**BRIEF:**
Output the full listing below exactly, without the pictures.

*** SOURCE MATERIAL ***

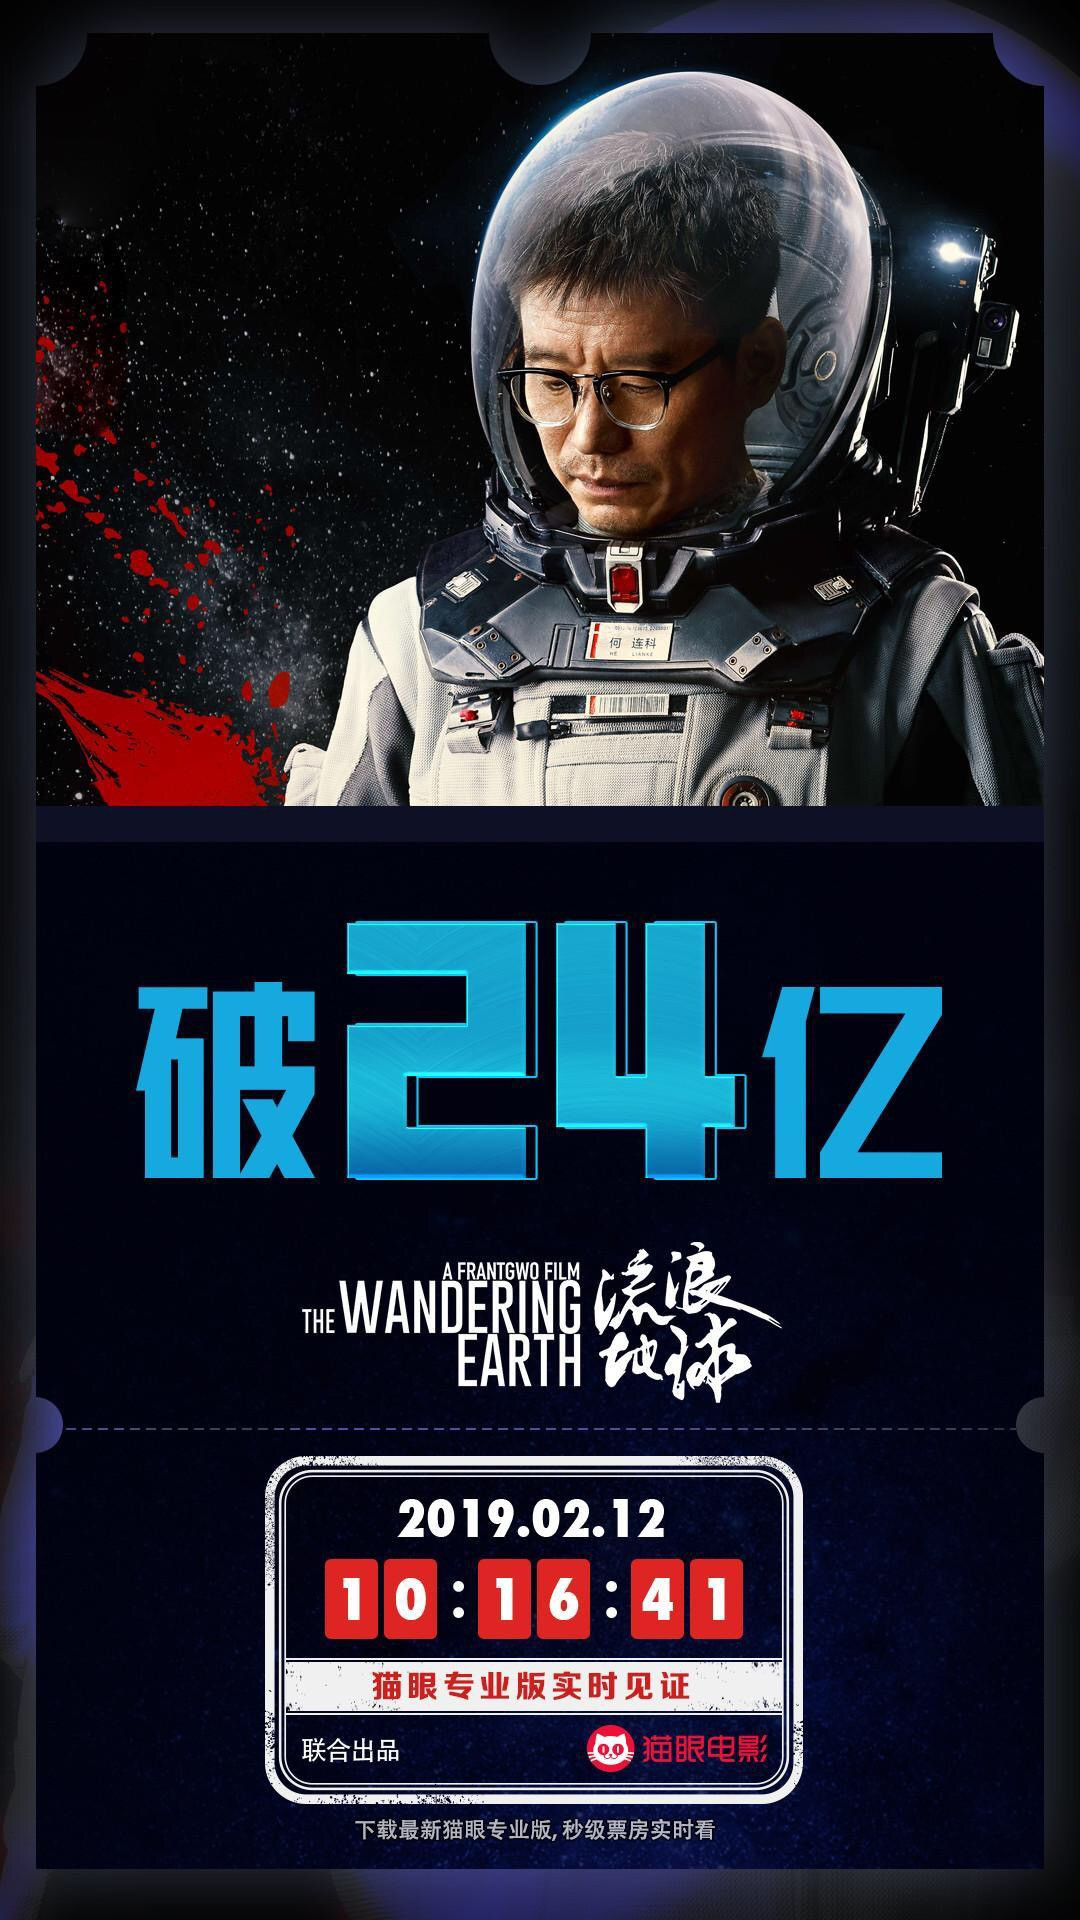 原創             流浪地球票房達24億,超越《復聯3》躋身中國票房排行榜前10!
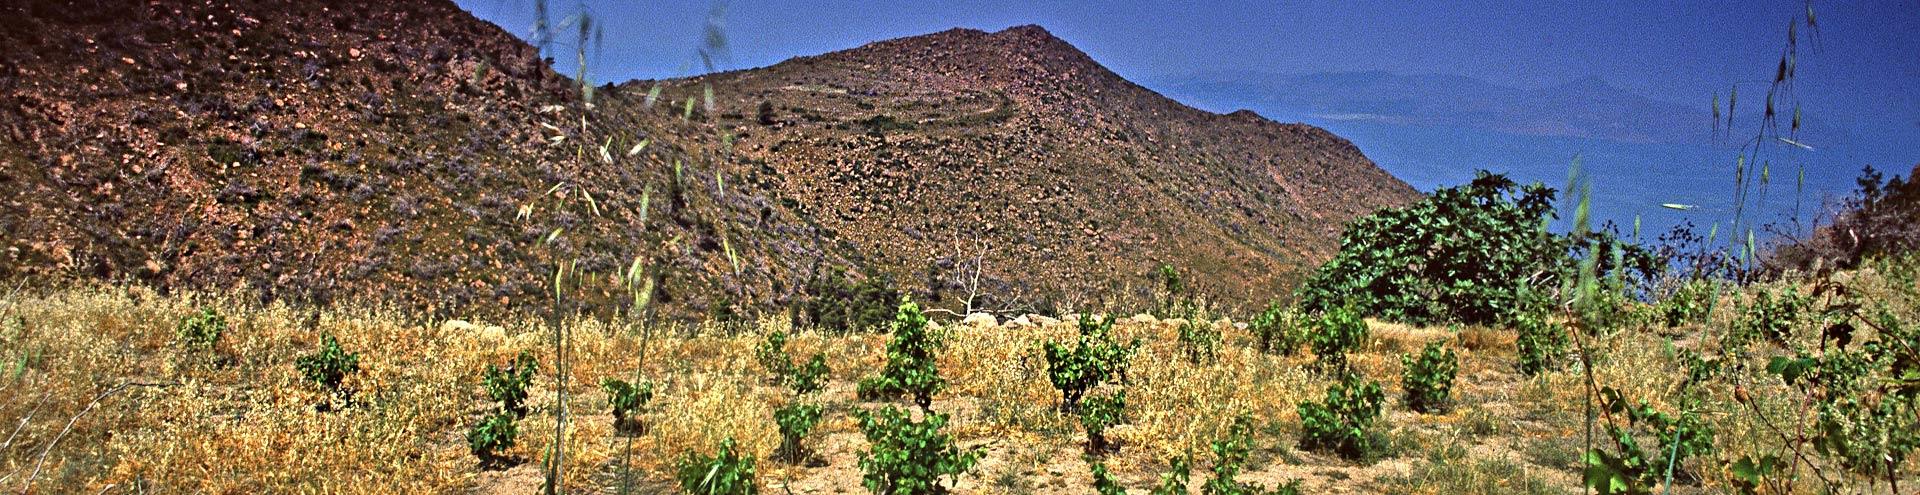 Chounta Kokkini volcano
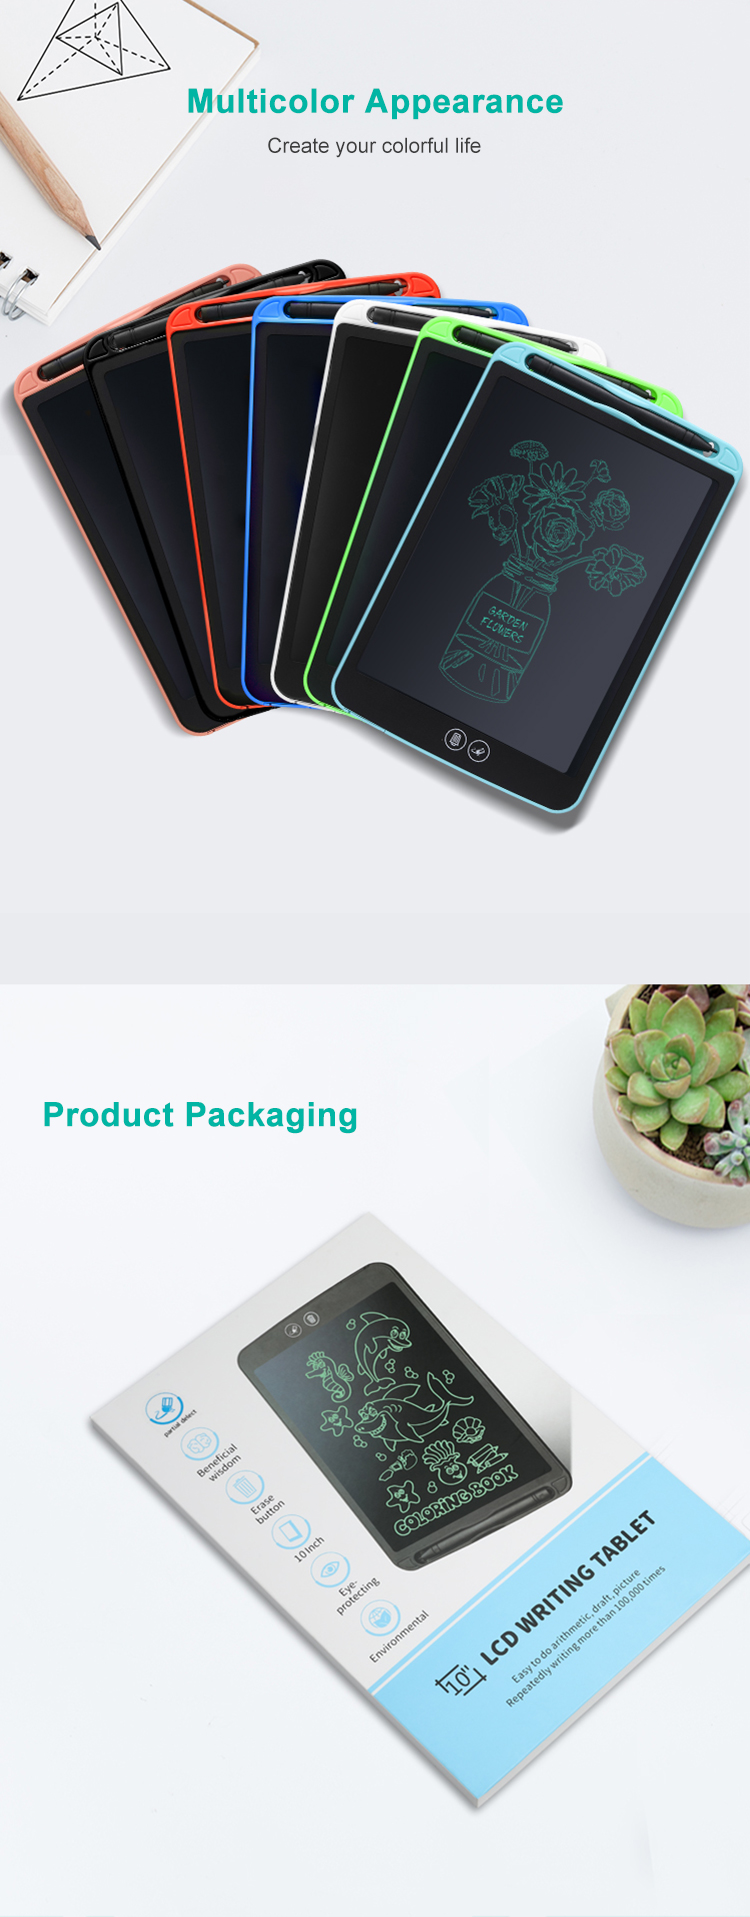 Newyes Üreticisi Tableta Grafica Not Defteri Kısmi Silme Lcd yazı tahtası çizim tableti
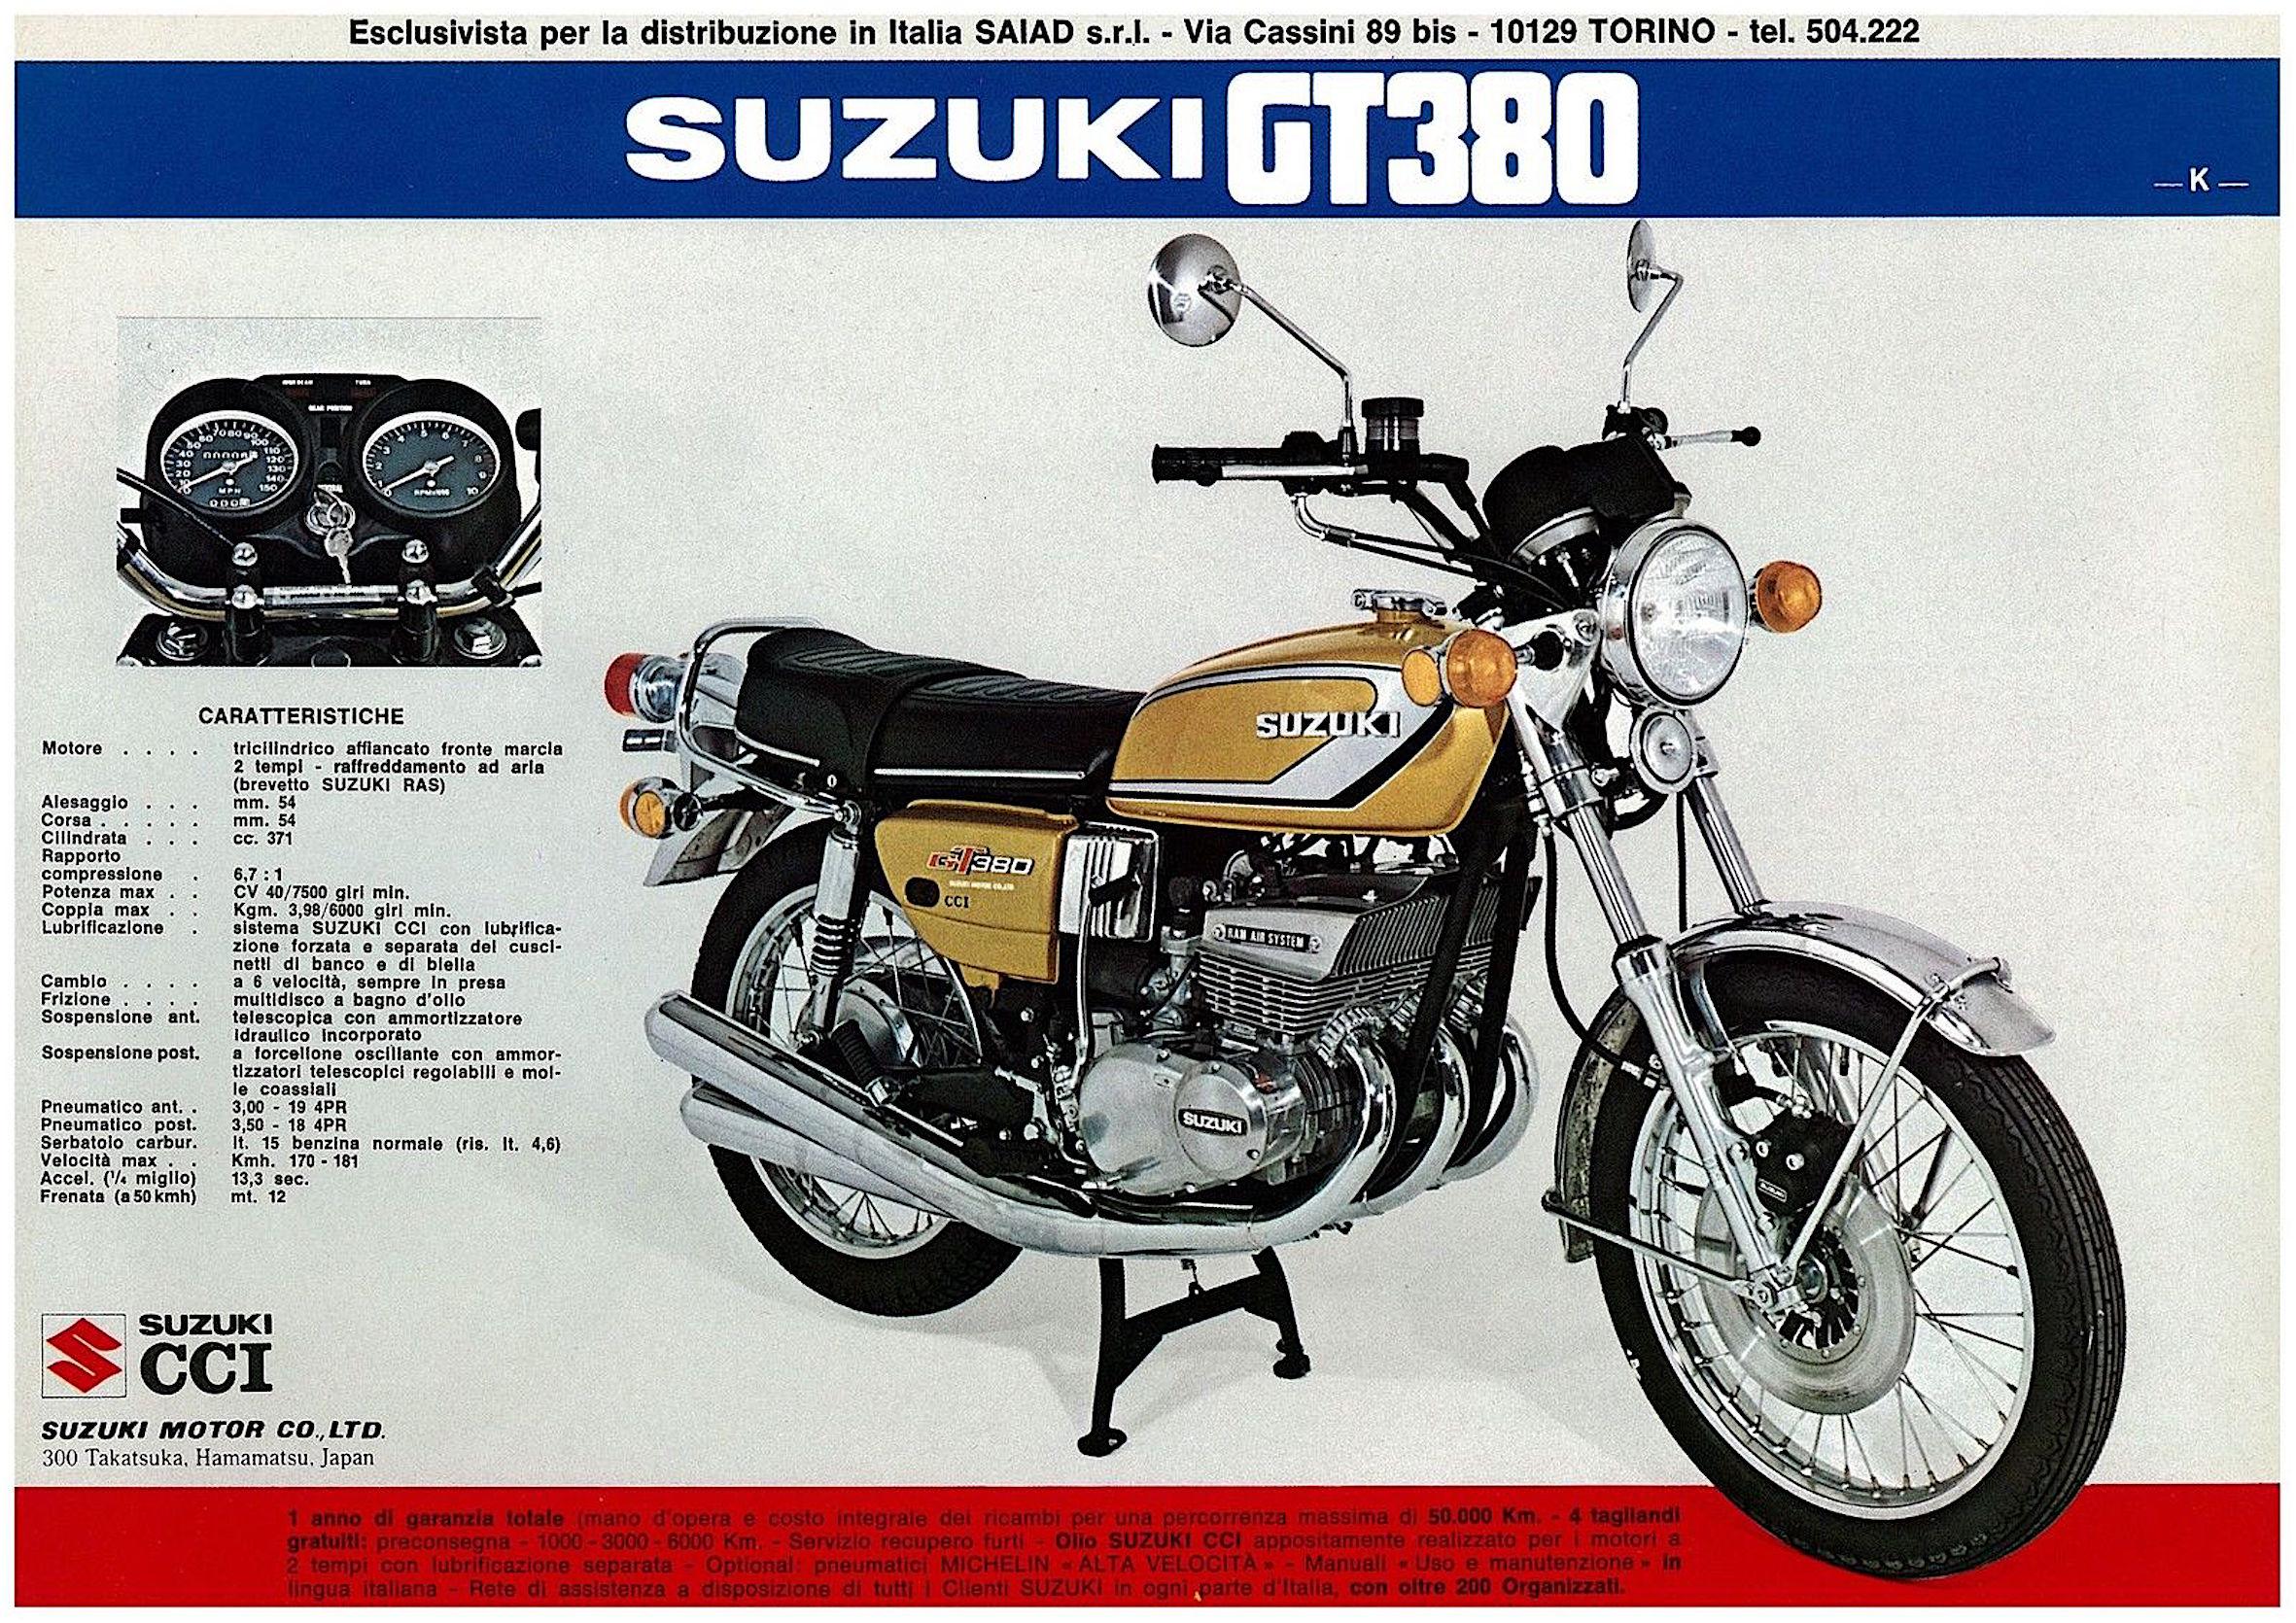 Suzuki GT 380

*** End of SOURCE MATERIAL ***

**RESULT OF THE EXERCISE:**
 原創             流浪地球票房達24億,超越《復聯3》躋身中國票房排行榜前10!
 Chounta Kokkini volcano
 Newyes Üreticisi Tableta Grafica Not Defteri Kısmi Silme Lcd yazı tahtası çizim tableti
 Suzuki GT 380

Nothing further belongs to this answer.